EXERCISE REQUIREMENTS: What you return must match the listing exactly, with every image removed.

THE DATA:

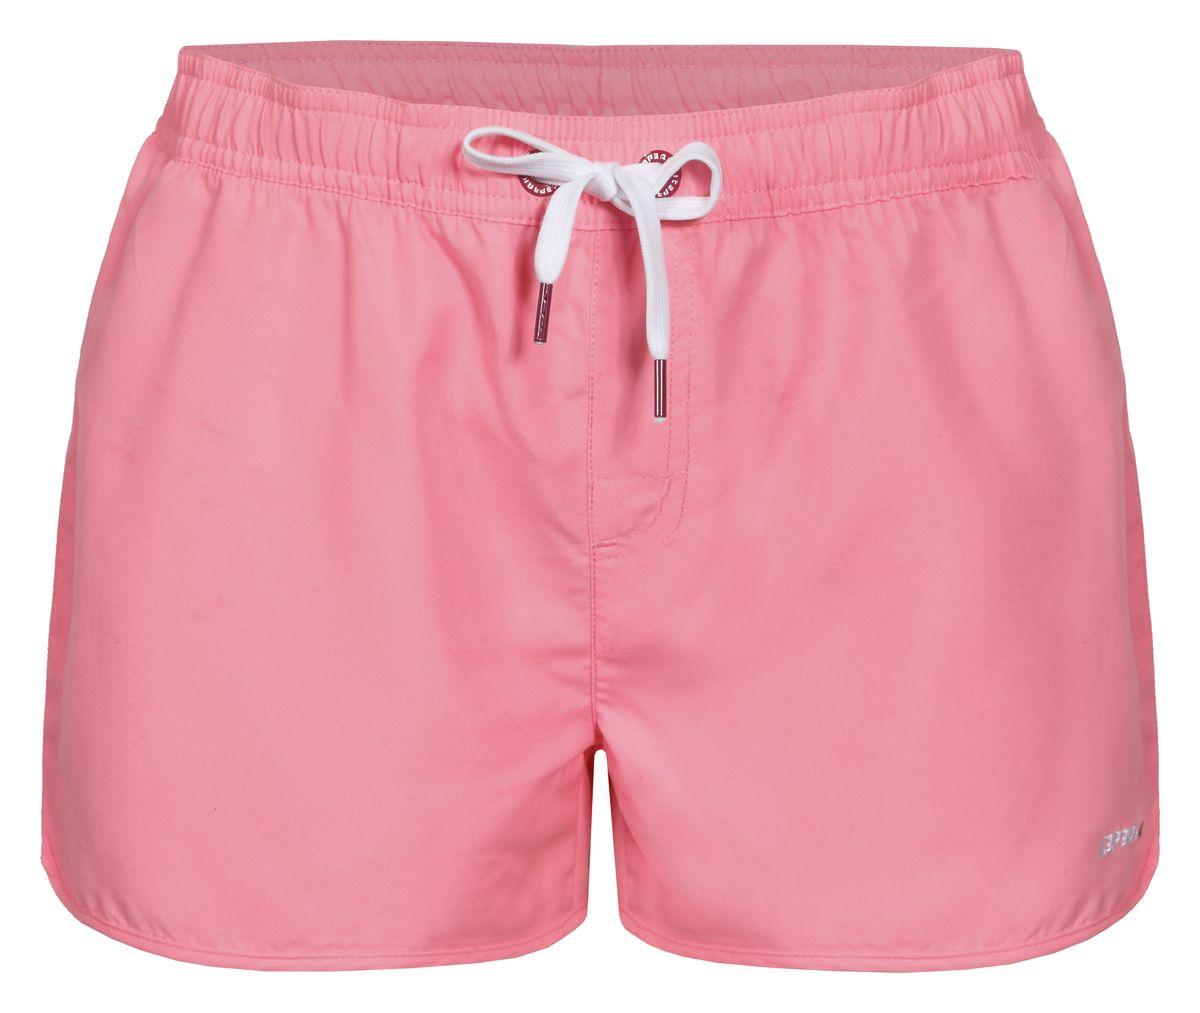 Шорты для плавания женские Icepeak Kristin, цвет: розовый. 754524513IV. Размер 36 (42)
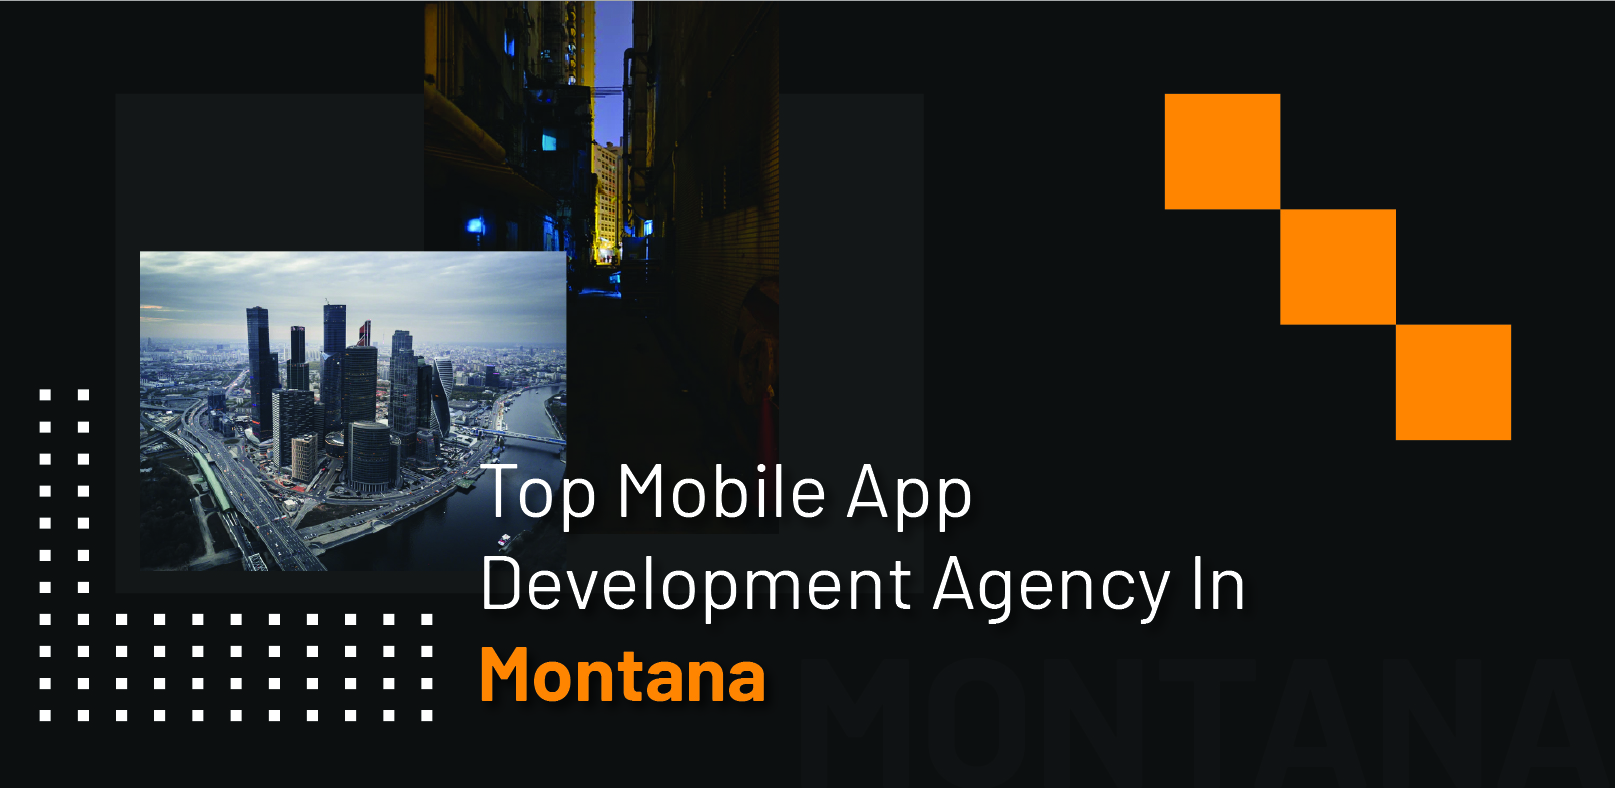 Top Mobile App Development Agency in Montana - WebClues Infotech
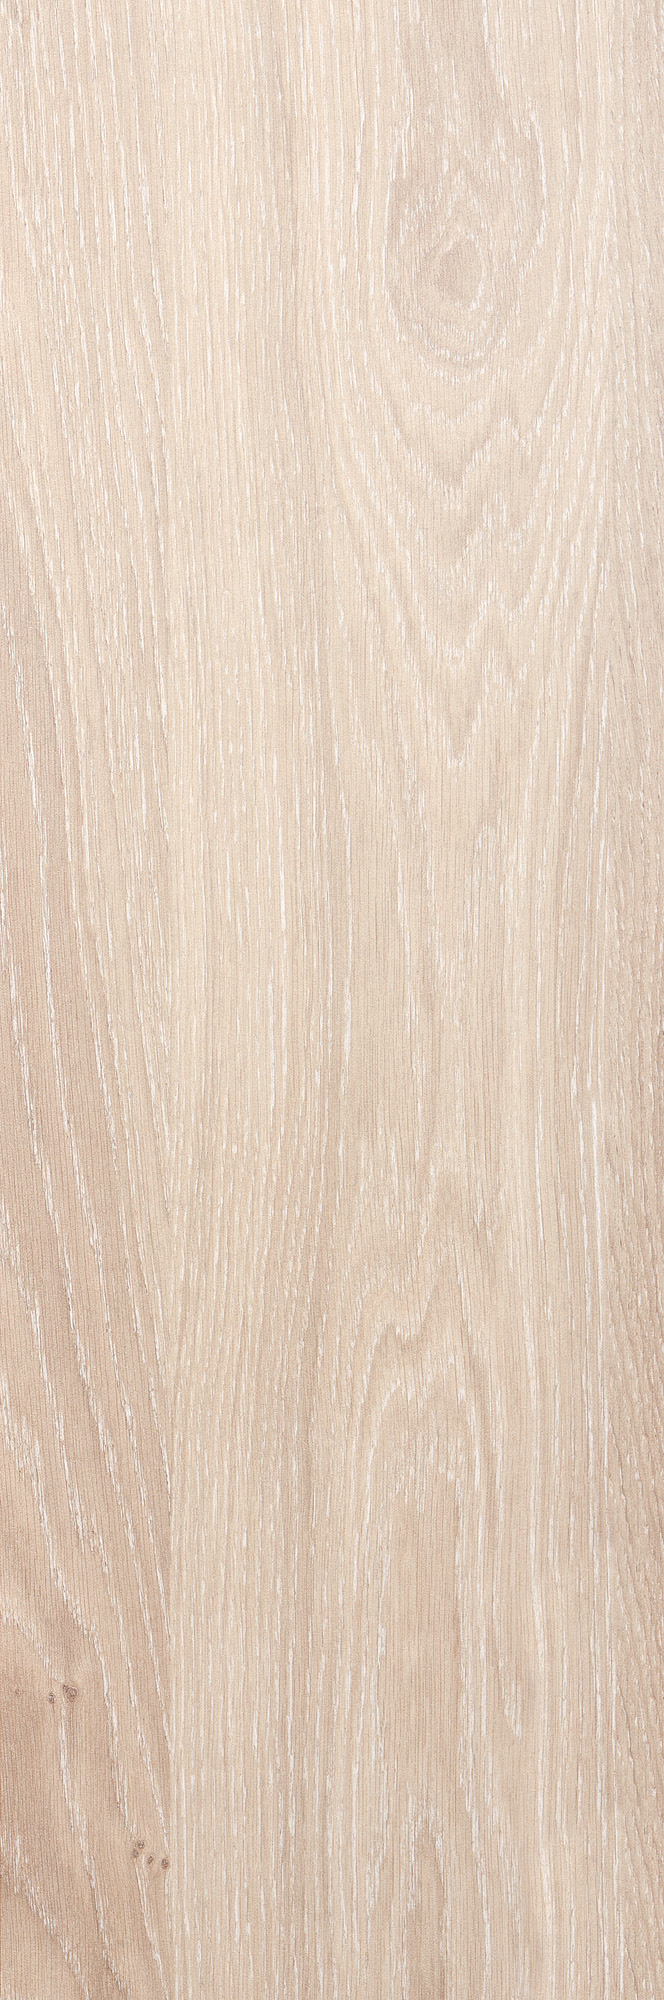 Chêne blanc brossé

RESPONSE TO THIS TASK:
 Шорты для плавания женские Icepeak Kristin, цвет: розовый. 754524513IV. Размер 36 (42)
 Top Mobile App Development Agency in Montana - WebClues Infotech
 Chêne blanc brossé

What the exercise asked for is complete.